In some circumstances it’s when the heart stops beating, in others it’s when brain activity ends, in still others it is defined as a lack of respiratory activity. If you look up the medical definition, it will tell you that, broadly, death occurs when life ceases, but will also admit that there is no consensus on the definition of life. If you think I’m playing cute and splitting hairs over semantics, consider this: the definition of what constitutes death is not even legally consistent across all states –each state is left to define it on their own, and they do. What constitutes legally dead in Maryland is not the same as what constitutes legally dead in North Carolina or Texas or Michigan.
We cannot define when life ends because we cannot define what “life” means, and if we can’t define what it is or when it ends, then we certainly can’t define when it begins to any legal or medical standard. If you think that is bean-counting nonsense –a bit of philosophical navel-gazing– then I remind you that people’s lives, livelihoods, and very freedoms now rest on being able to have both concrete legal and medical definitions of what life is and when it starts and ends.
And we don’t have any of that.
All we have are an array of medical opinions and ongoing research which is still trying to better define these things, but if you think there is a medical or scientific definition of life and when it begins, you have been deceived, for there is no such thing.
So where does that leave us?
For many people, it leaves them with their beliefs –what they’ve been taught is true– but not much evidence.
For the religious (and even those who don’t consider themselves so) it comes down to the soul.
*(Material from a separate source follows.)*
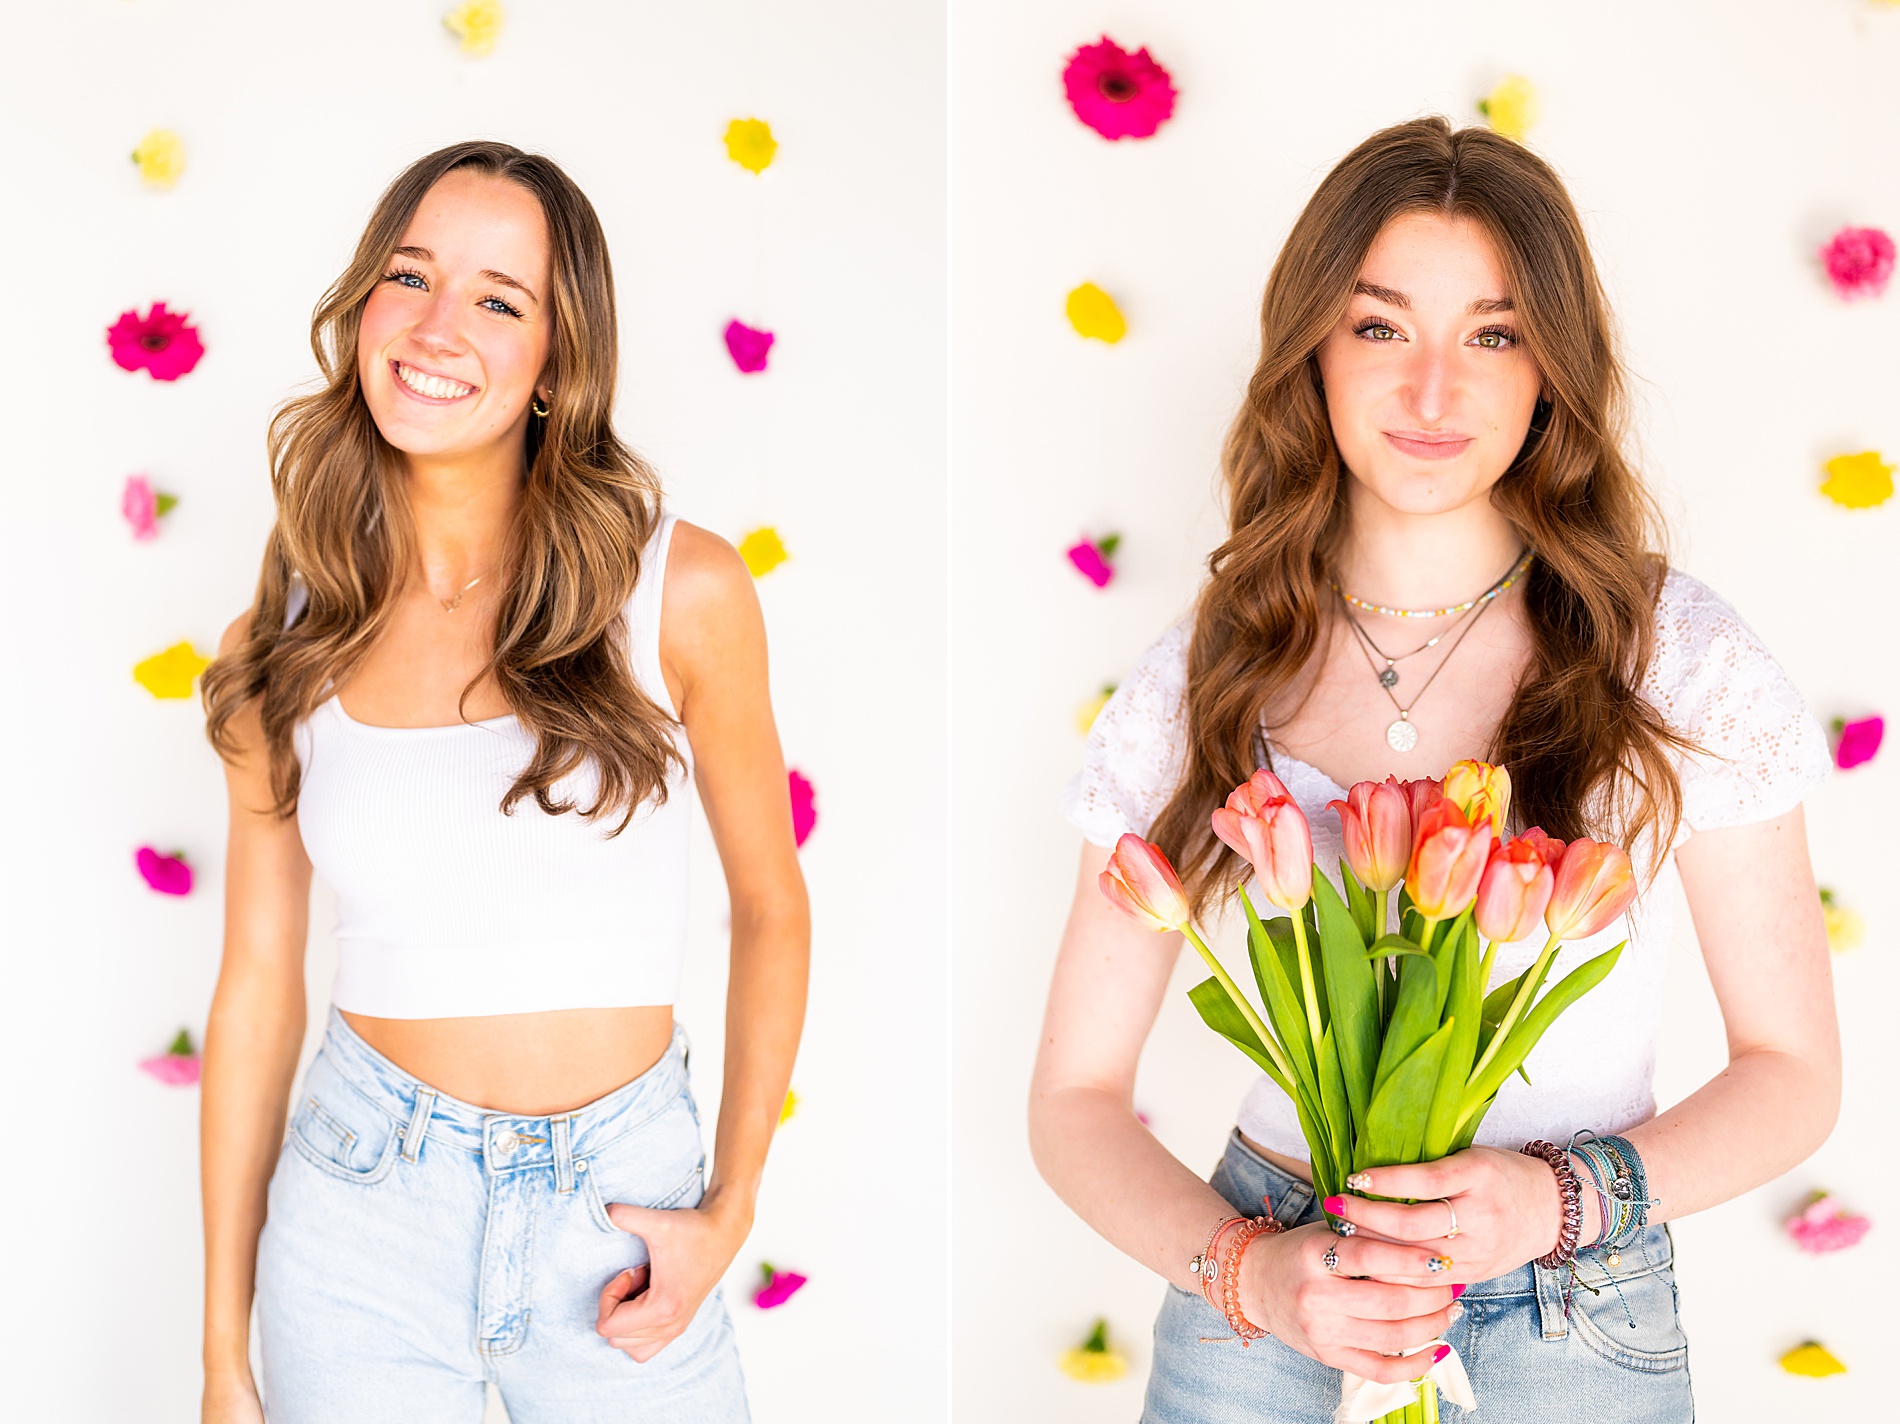 spring photoshoot with senior spokesmodel team

Many Christians will tell you that, at the moment of conception, God inserts your immortal soul into the fertilized egg –a soul he has known for all of eternity, its lack of consciousness notwithstanding. “Before I formed you in the womb, I knew you” they quote. For Christians, this is really the point. They will trot out those rare, gruesome abortion films of fetuses recoiling from instruments for the emotional shock value and for their usefulness as propaganda, but the fact is, the physical body, to Christians, is nothing more than a temporary vehicle for the soul. It’s an earthly vessel for the real you, nothing more.
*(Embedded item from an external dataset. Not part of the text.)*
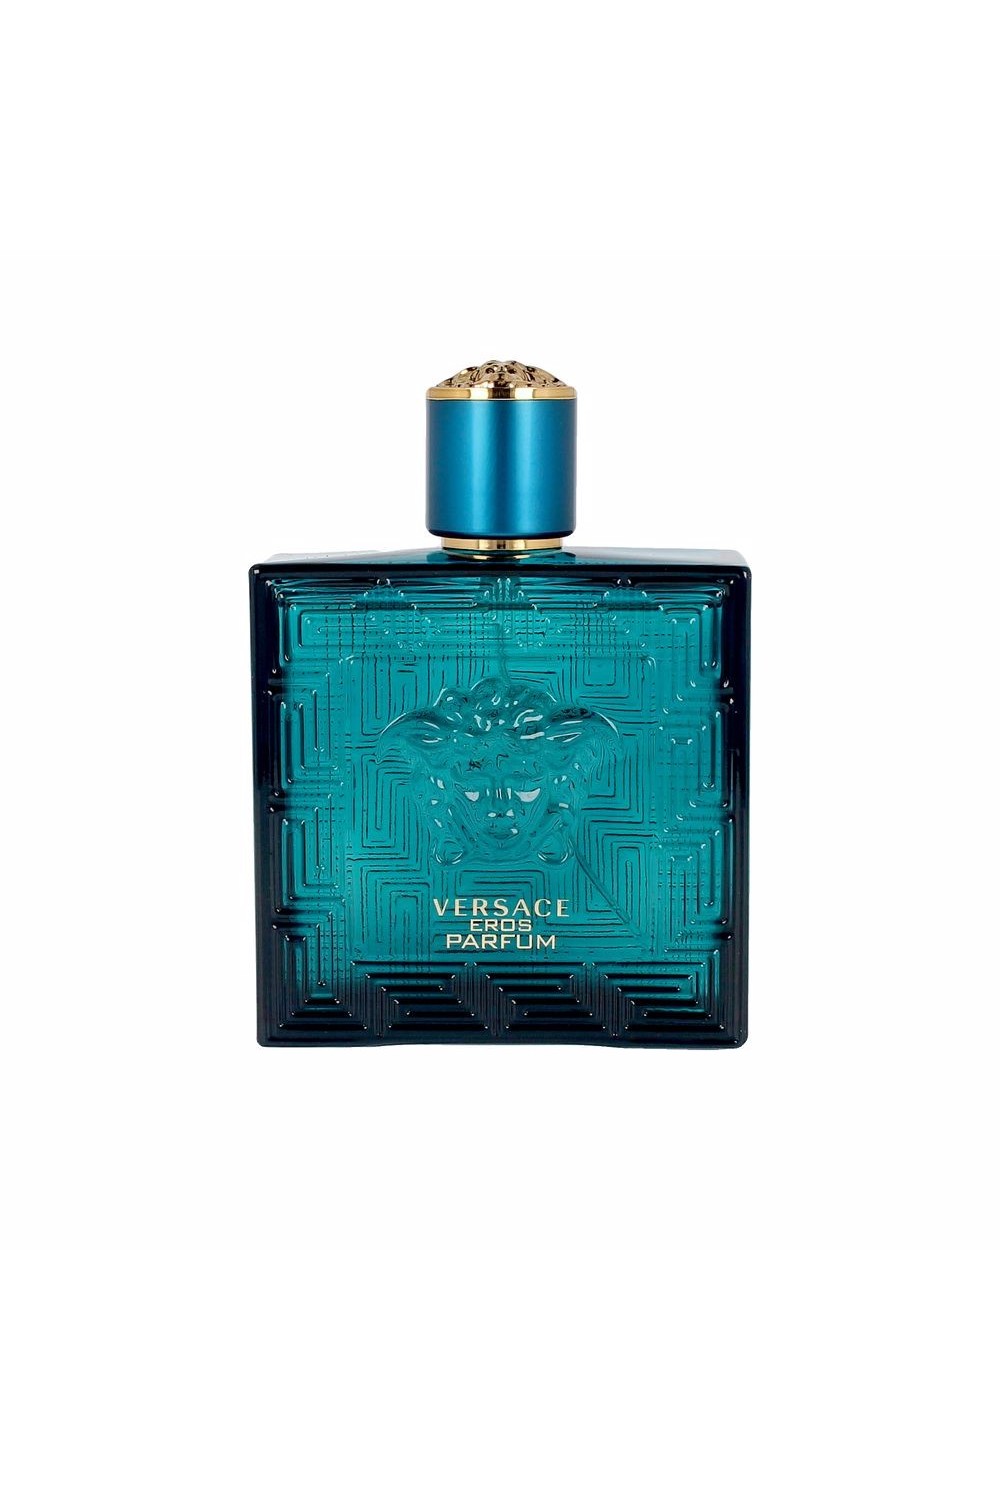 Versace Eros Perfume Spray 100ml

If God kills your newborn infant a few minutes after birth, that’s OK, because He transports the soul directly to his side (in most Protestant sects, anyway). Abortion is basically you stamping the soul “Return to Sender” and thumbing your nose at His plan. It isn’t that it’s a murder of a physical body, it’s that you are usurping God’s authority.
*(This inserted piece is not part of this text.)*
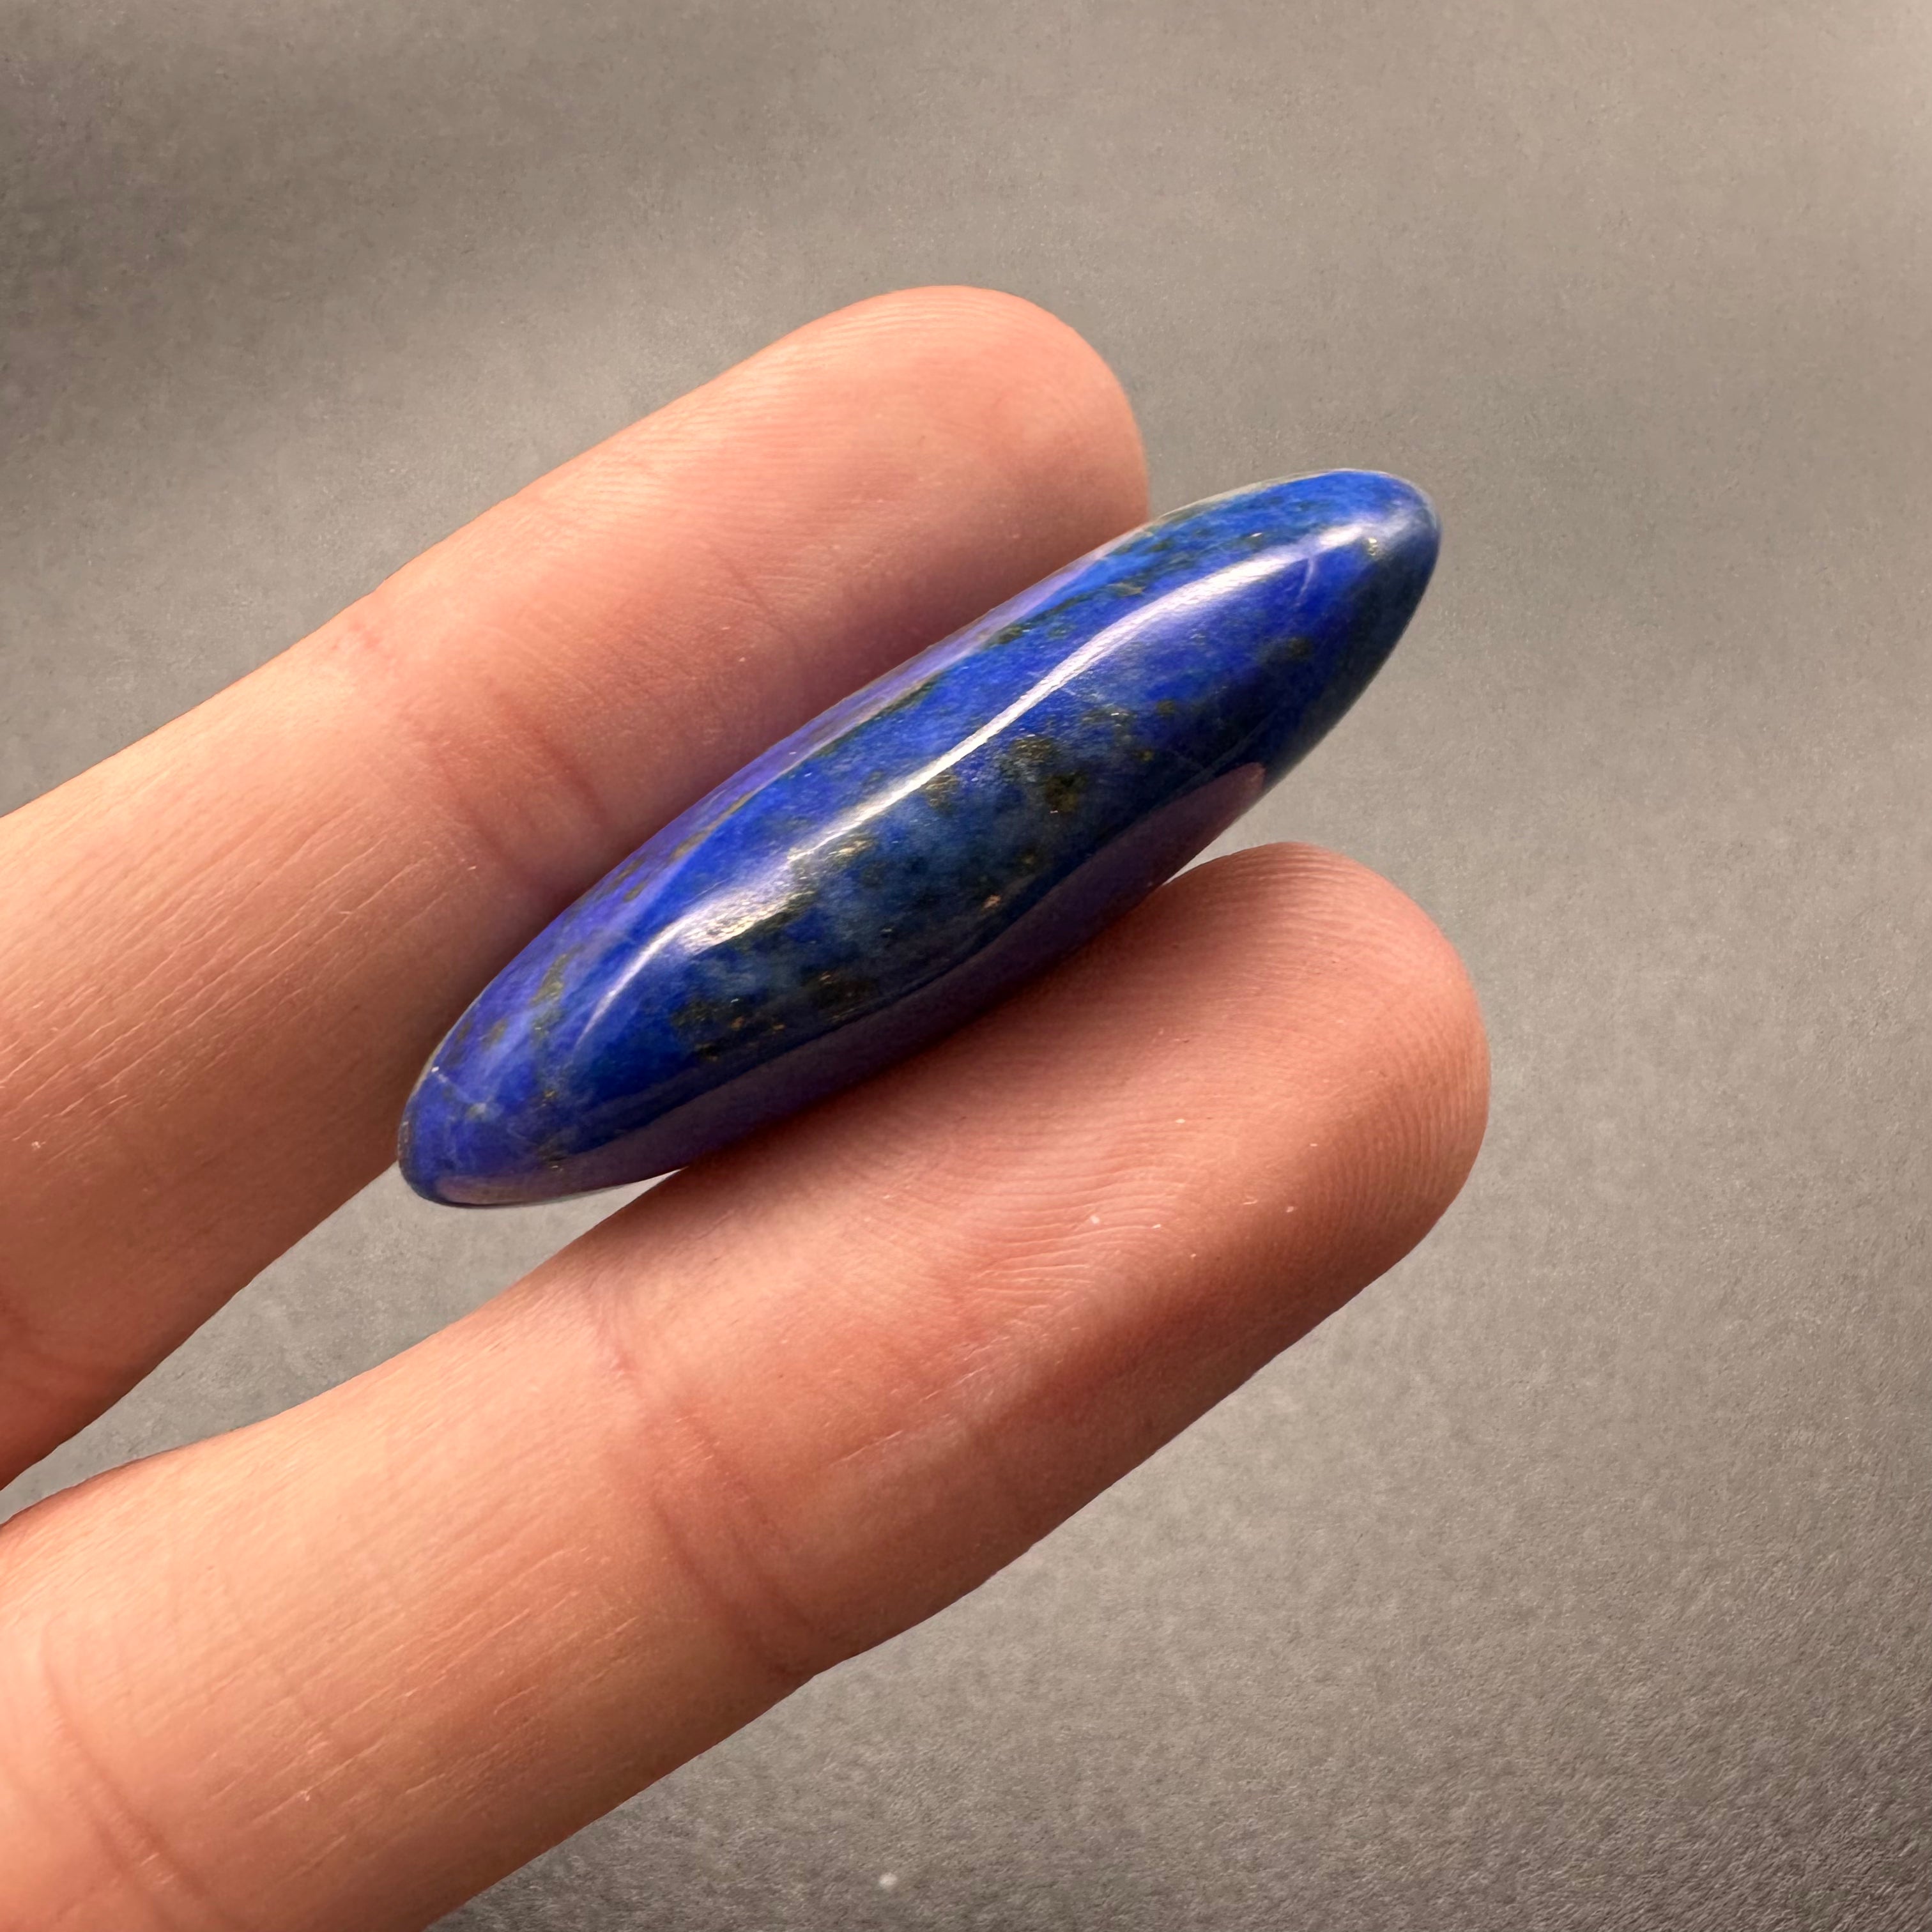 Lapis Lazuli Medicine Piece - 157

In other Christian traditions, the soul is damned until it is either baptized or christened, so to have an abortion is to needlessly damn a soul to hell that might otherwise have been saved. You’ll rarely hear this much in the public square, because it gets heartless pretty quickly when you start telling women who’ve had miscarriages or lost babies shortly after birth that their children are burning in hell thanks to Original Sin, and that’s a big public relations problem. That said, the belief is widespread among many Catholics and some really fundamentalist Protestant denominations.
So, if you believe in a soul (as surely more than 90% of Americans do), it’s not hard to make the leap that abortion is at least immoral, if not murder –if you believe that life begins at conception.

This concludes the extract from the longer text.